[Problem requirements]: The required output is every line from the one containing "Two eggs in a saucepan." through the last line of the listing below, copied exactly, pictures excluded.

[The data]:
::::::::

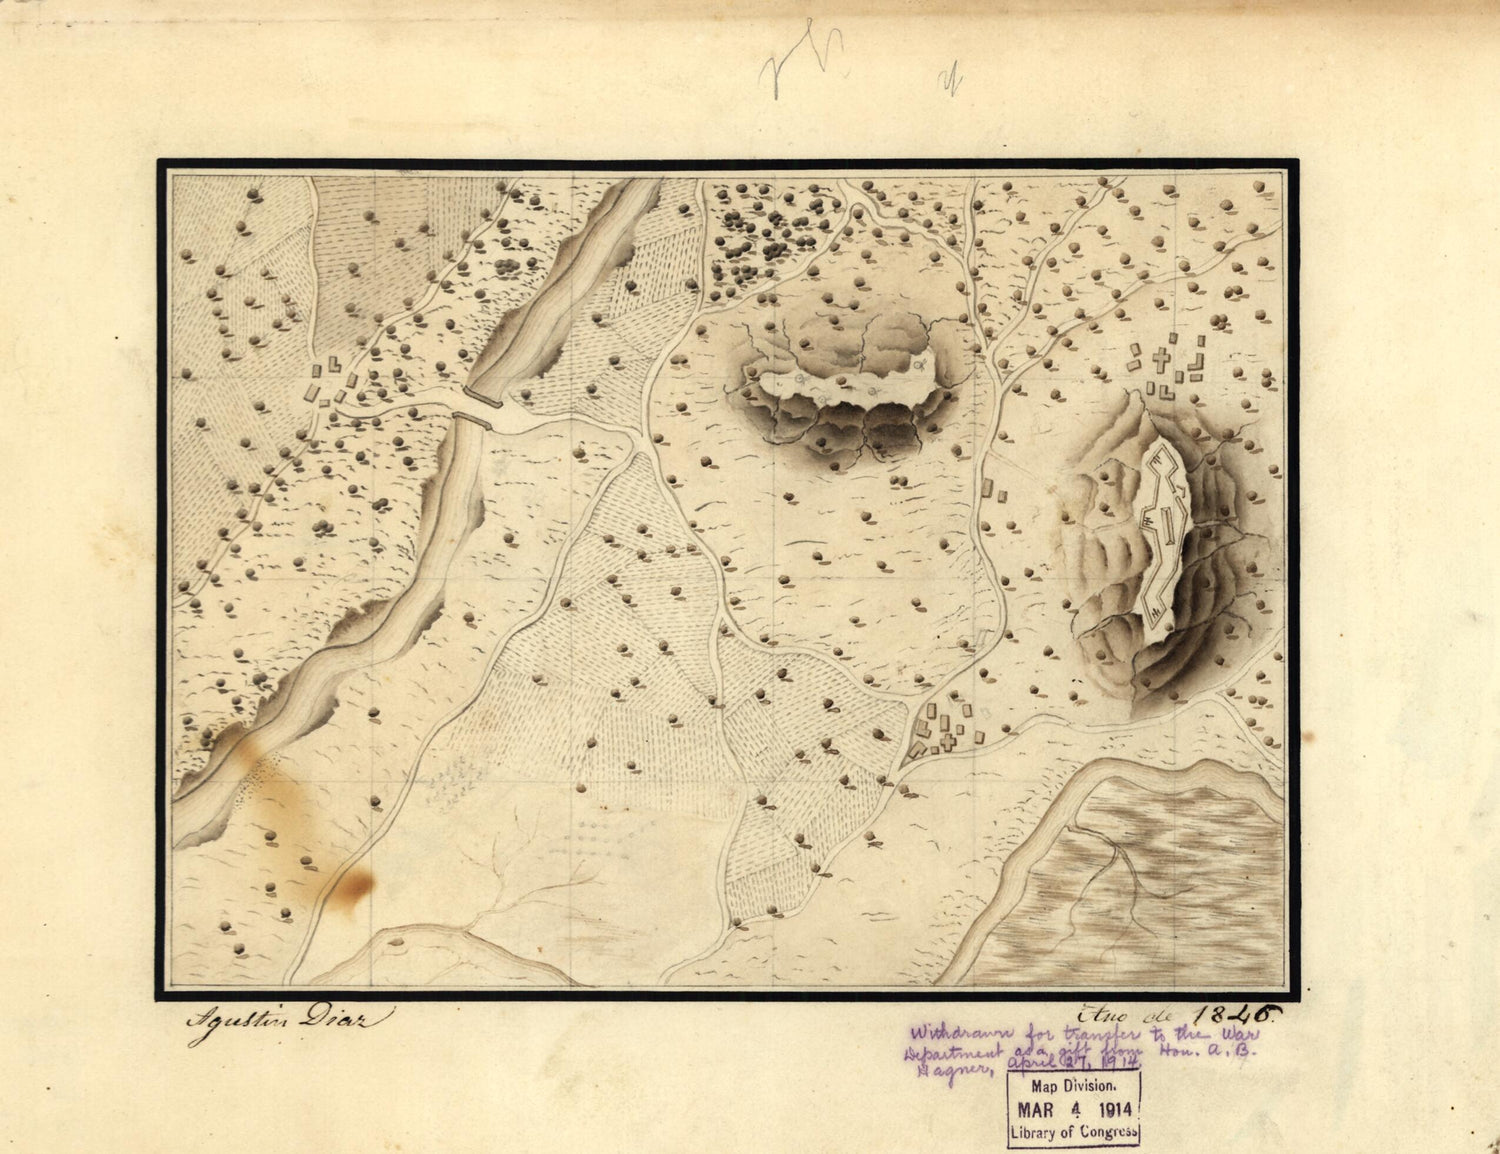 This old map of Military Training Map, Mexico from 1846 was created by Agustin Diaz in 1846
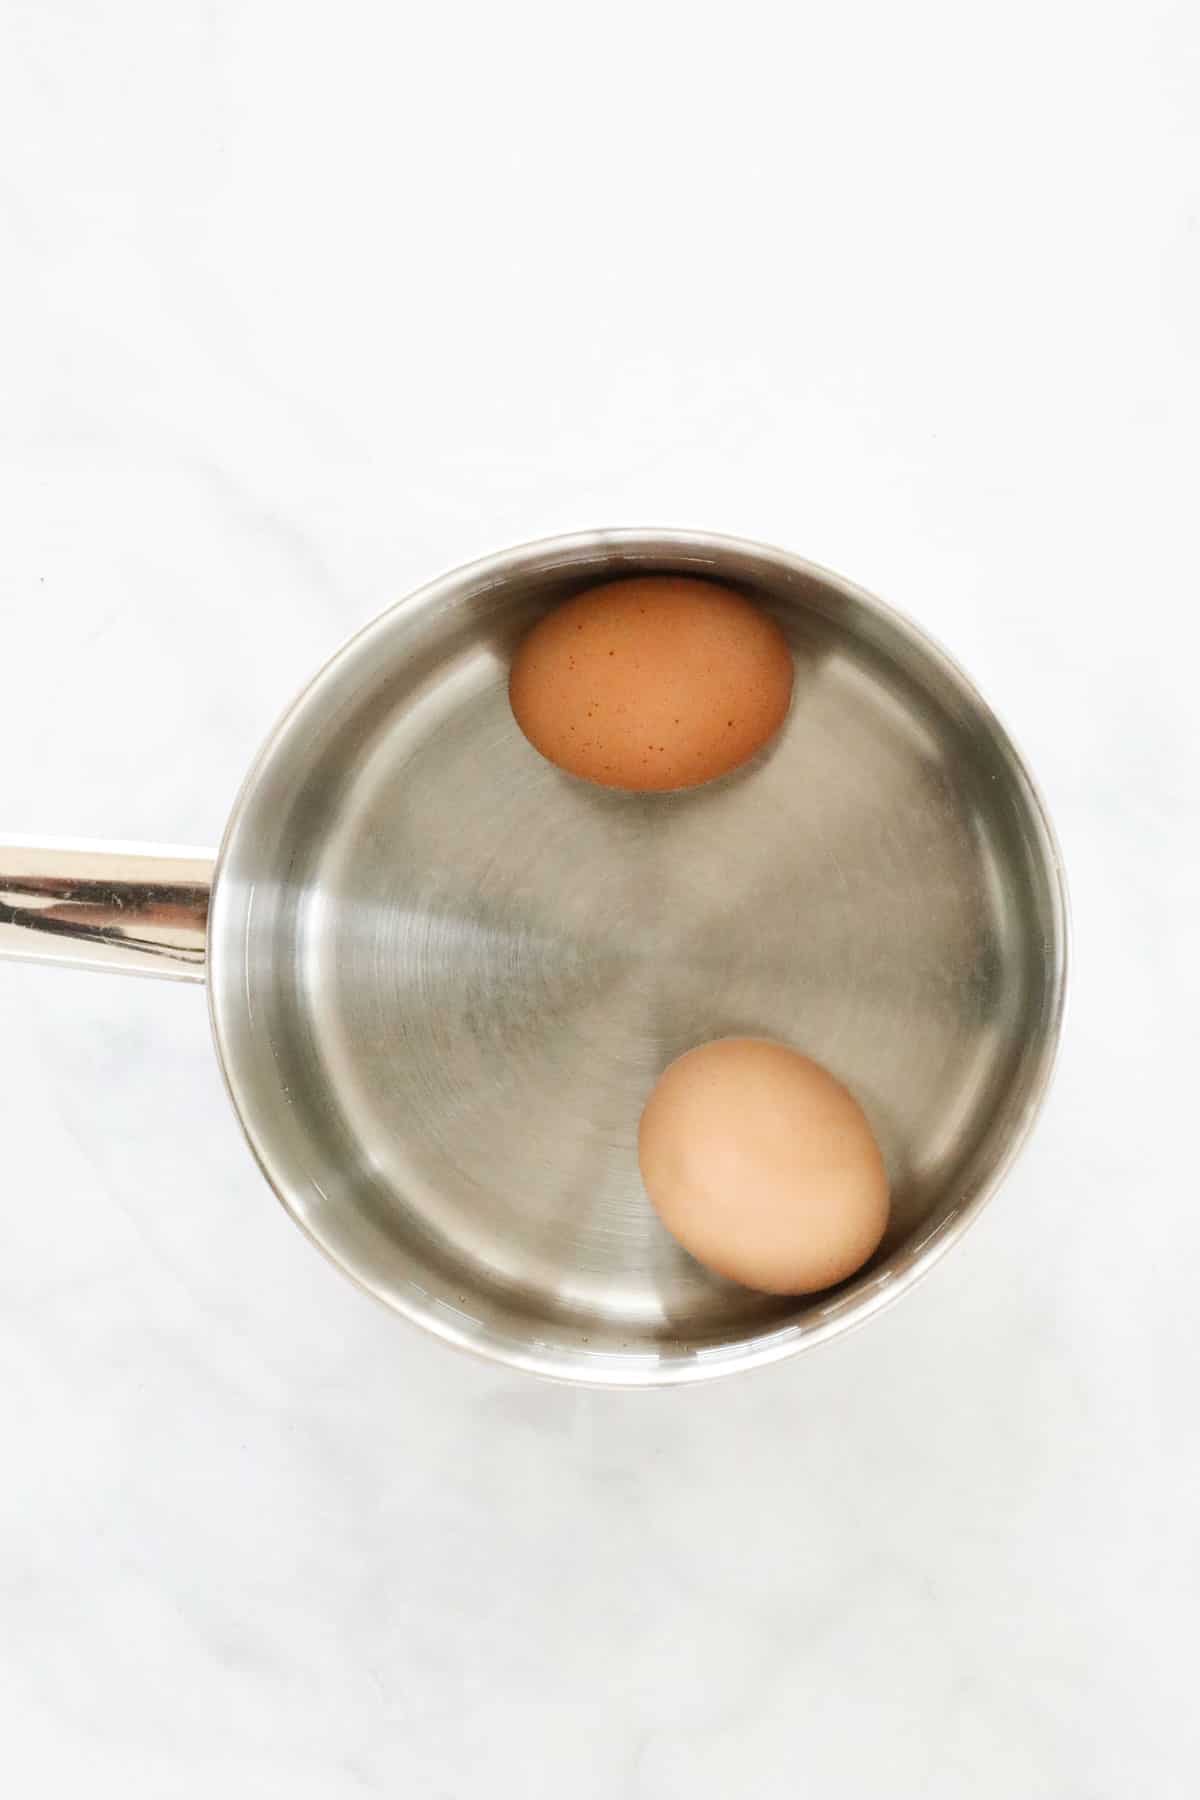 Two eggs in a saucepan.
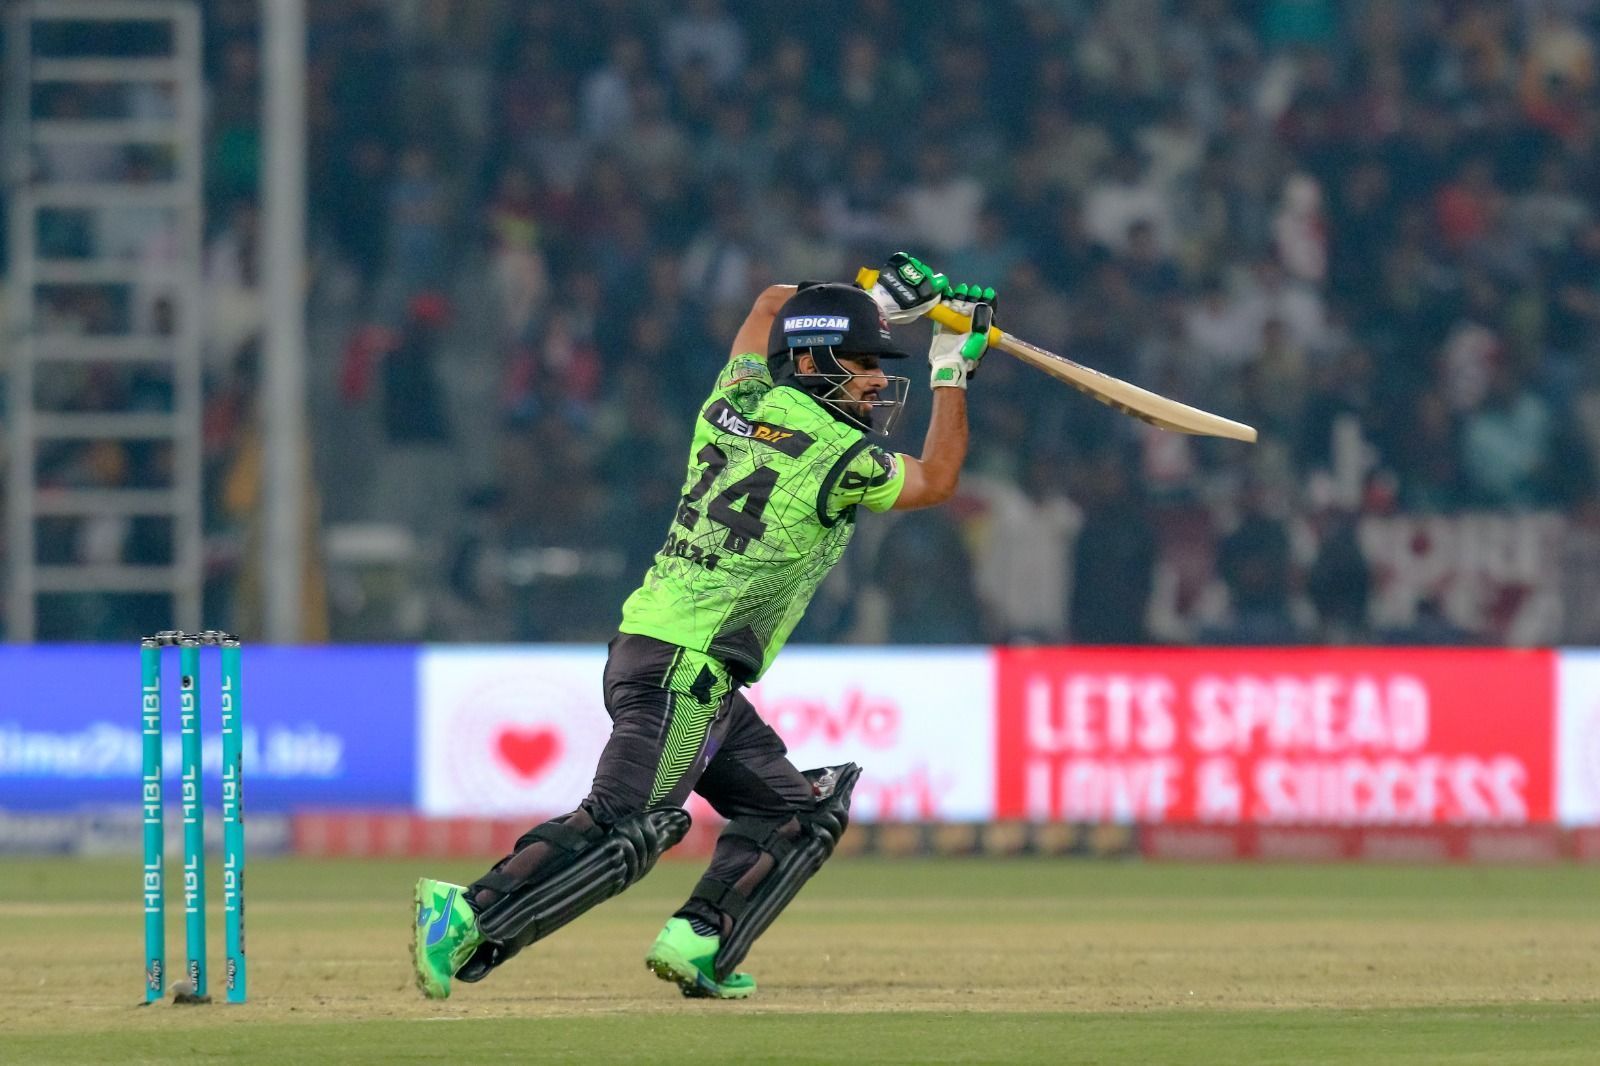 Can Lahore Qalandars win another PSL trophy? (Image: Twitter)

::::::::

[Result below]:
 Two eggs in a saucepan.
 Can Lahore Qalandars win another PSL trophy? (Image: Twitter)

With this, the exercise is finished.